Cornell on Fire Weekly 5/23

Image of rubber crumb infill exploding upon impact from artificial turf. Both the plastic grass blades and the rubber infill containing concerning levels of heavy metals and toxins. (Photo from KIMO International)

Dear Cornell on Fire,

Cornell the Corporation has outdone itself in embarrassing Cornell the University. 

In support of their newest construction project, lovingly named for an Oil Baron,* Cornell has submitted a strikingly inept "summary of research" on artificial turf fields to Ithaca’s Town and City Planning Boards. Except the report is not authored by scientists, and it does not review the scientific literature. It is authored by the consulting firm Haley & Aldrich (boasting awards for valiant service from none other than BP), and it presents a highly tailored selection of pro-industry reports and scientific articles that present only one side of the scientific literature. (Guess which side?)

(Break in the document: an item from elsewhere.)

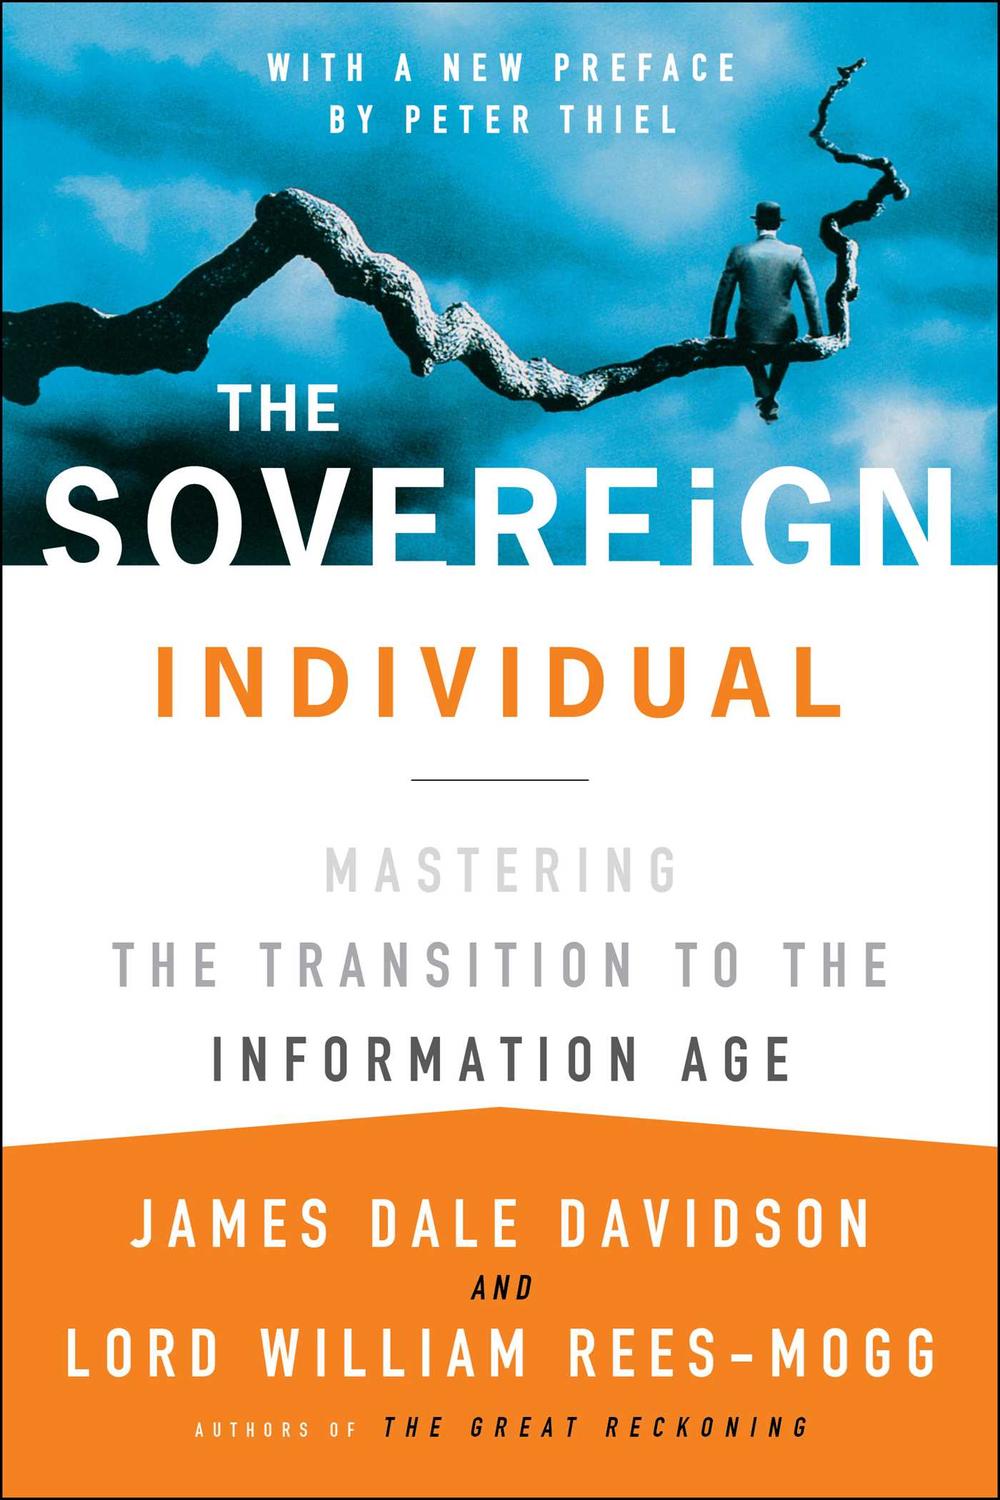 The Sovereign Individual - James Dale Davidson, Lord William Rees-Mogg,,

By way of background: Cornell the Corporation’s newest construction project intends to pave the earth with petroleum-based artificial turf fields at a sprawling new Meinig Field House athletic complex. The plan entails a $55 million, 90,000+ square foot athletic facility on Tower Road, right under the beloved Big Red hawks’ nesting poles. The Meinig Field House would disturb 7 acres of land (much of it currently real, live grass) to install a field house carpeted indoors and out with controversial toxic synthetic turf. (It is ironically sited across the road from the under-construction Atkinson Center, which aims to reduce climate risk and accelerate the energy transition.) Additional artificial turf fields are proposed for Game Farm Road. 

Like countless scientists, governments, parents, and Ithacans, you might think this plan requires serious consideration of health, ecological, and climate impacts. Not Cornell the Corporation. The “research summary” they commissioned argues that no such considerations are needed, relying on an embarrassing collection of Big Oil disinformation techniques. And yes, this is Big Oil. Artificial turf is a petroleum-based product that comes from fossil fuels, profits fossil fuel vendors, and is marketed by fossil fuel copywriters.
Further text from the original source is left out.